In addition to the cytokine, some people would be predisposed to produce auto-antibodies. If they are not dangerous in normal times because of their low quantity in the body, in contact with an infection, they deploy massively and attack both our immune defenses and proteins essential to the functioning of organs.
- Autoantibodies could be the cause of severe forms of Covid-19.
- If the cytokine is still implicated, it would no longer be solely responsible for the attack on our immune defenses against our own body.
- Auto-antibodies attack both the immune defenses and the proteins essential to certain organs, such as the heart for example.
It has been more than a year since the daily life of the planet has moved forward to the rhythm of the Covid-19 pandemic. While there are still unknowns about this virus, certain issues were considered understood, such as severe forms of Covid-19. However, if the cytokine storm is indeed at work in the serious forms, it would seem that it is not the only phenomenon which attacks the organism. In an article posted on January 19, 2021 by the review Natureresearchers specify a mechanism that induces the body to destroy itself with its own antibodies.
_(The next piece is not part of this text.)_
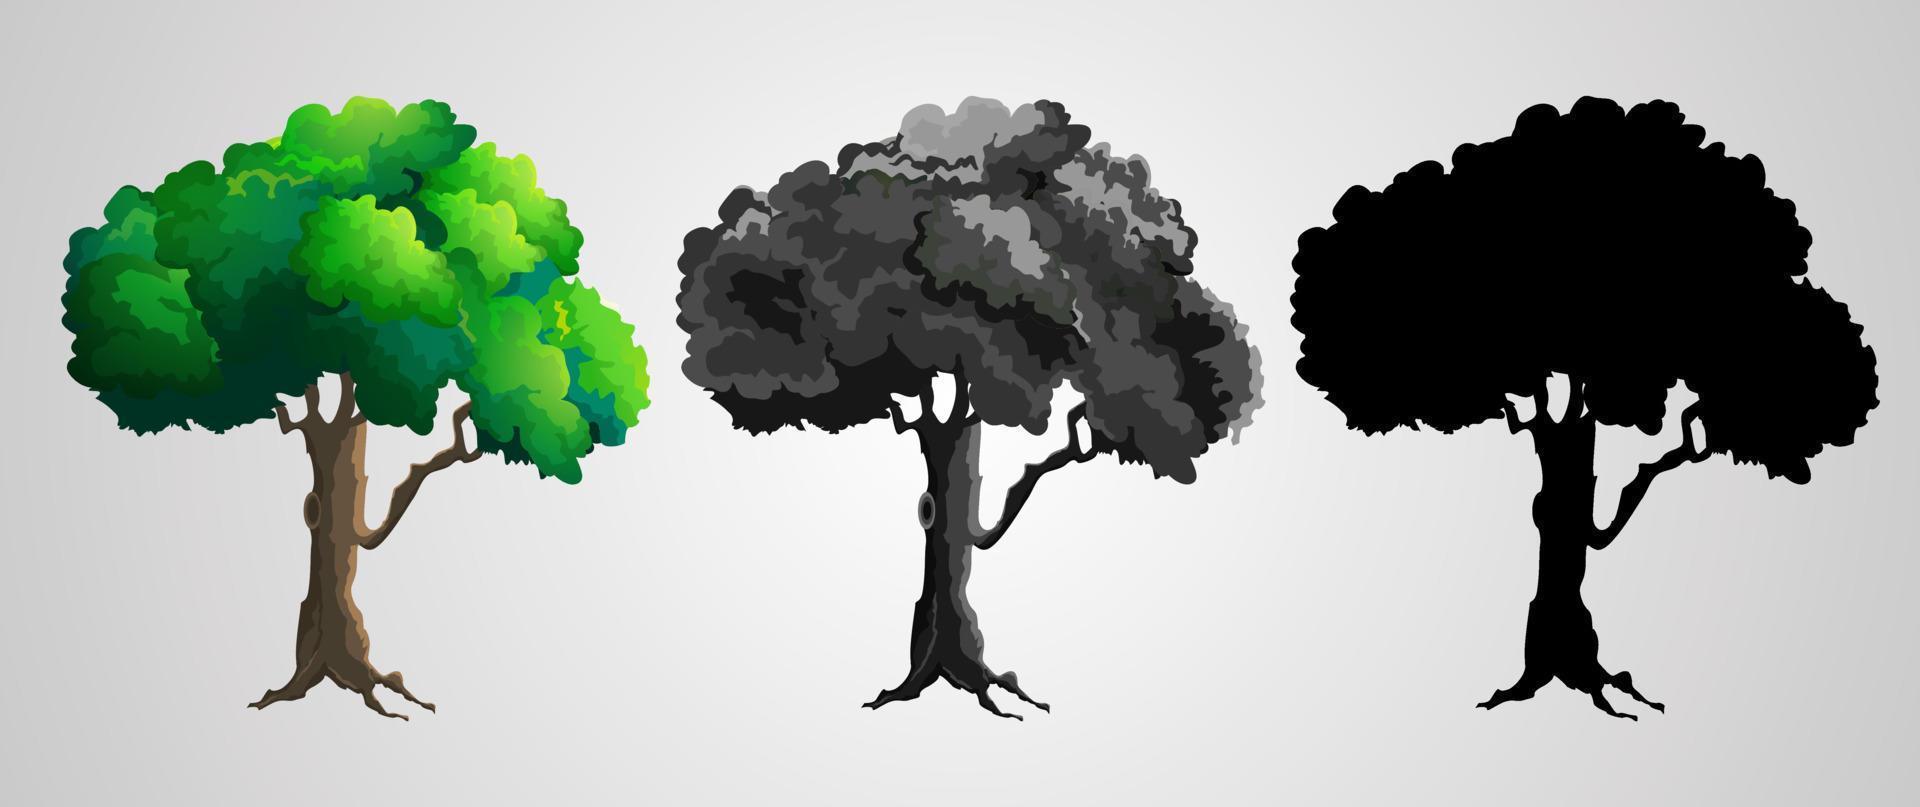 Trees icon with silhouette of trees on a gradient background vector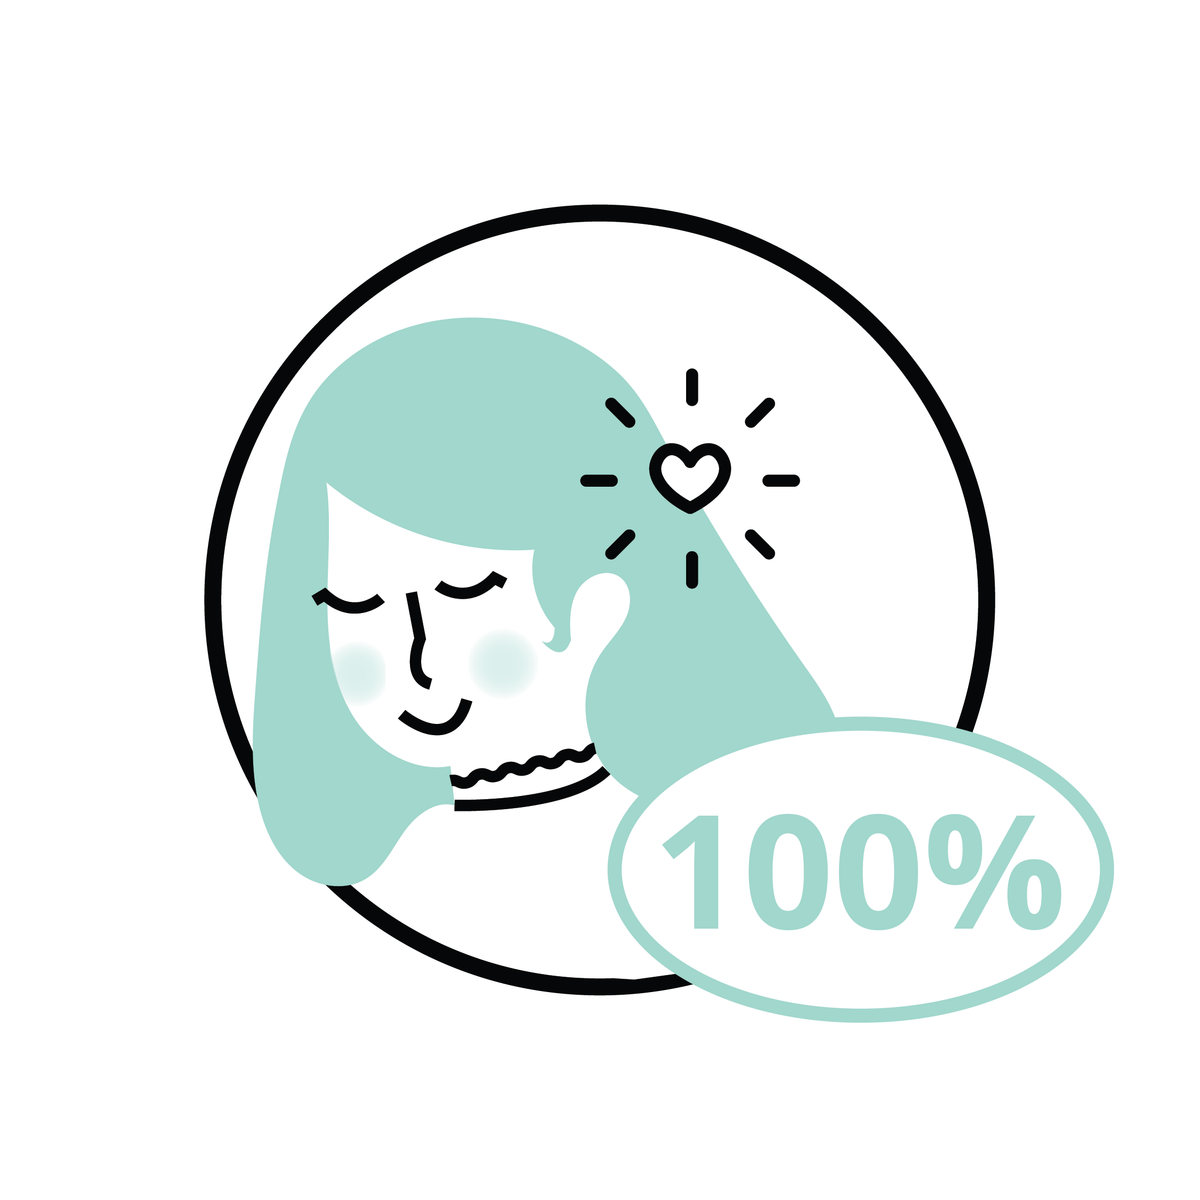 icon of a girl in teal with a heart symbol above her head and a bubble housing 100% to the bottom right

A growing body of research suggests that the immune system may be mis-targeting when attacking the coronavirus. Instead of attacking the infection, the immune system turns against its carrier, this is called autoimmunity. At the very beginning of the pandemic, researchers were convinced that the cytokine was the cause of the severe forms, because the immune response it generated was too strong and massive for the body, which could not keep up, leading to cytokine storms. Researchers are now focusing their attention on the role of auto-antibodies, malicious antibodies that attack both the body’s immune defenses and proteins specific to the functioning of certain organs.
Protection that turns against the body
“Unlike cytokine storms, which tend to cause short-term systemic problems, autoantibodies are thought to cause longer-term, targeted damage.”, explains to the journal Nature Akiko Iwasaki, an immunologist at Yale University. Auto-antibodies are produced naturally by our body, but in much more reasonable proportions. However, during infection with Covid-19, some people would be predisposed to produce too many autoantibodies, which could explain the severity of the infection afterwards.
American researchers from Rockefeller University had also realized in September 2020 that 10% of patients, mainly men, affected by the severe form of Covid-19 had auto-antibodies which attacked their own immune system. Research is currently underway on 40,000 people to determine how many of them have pre-existing autoantibodies and whether their age, ancestry and gender distribution matches that of severe Covid.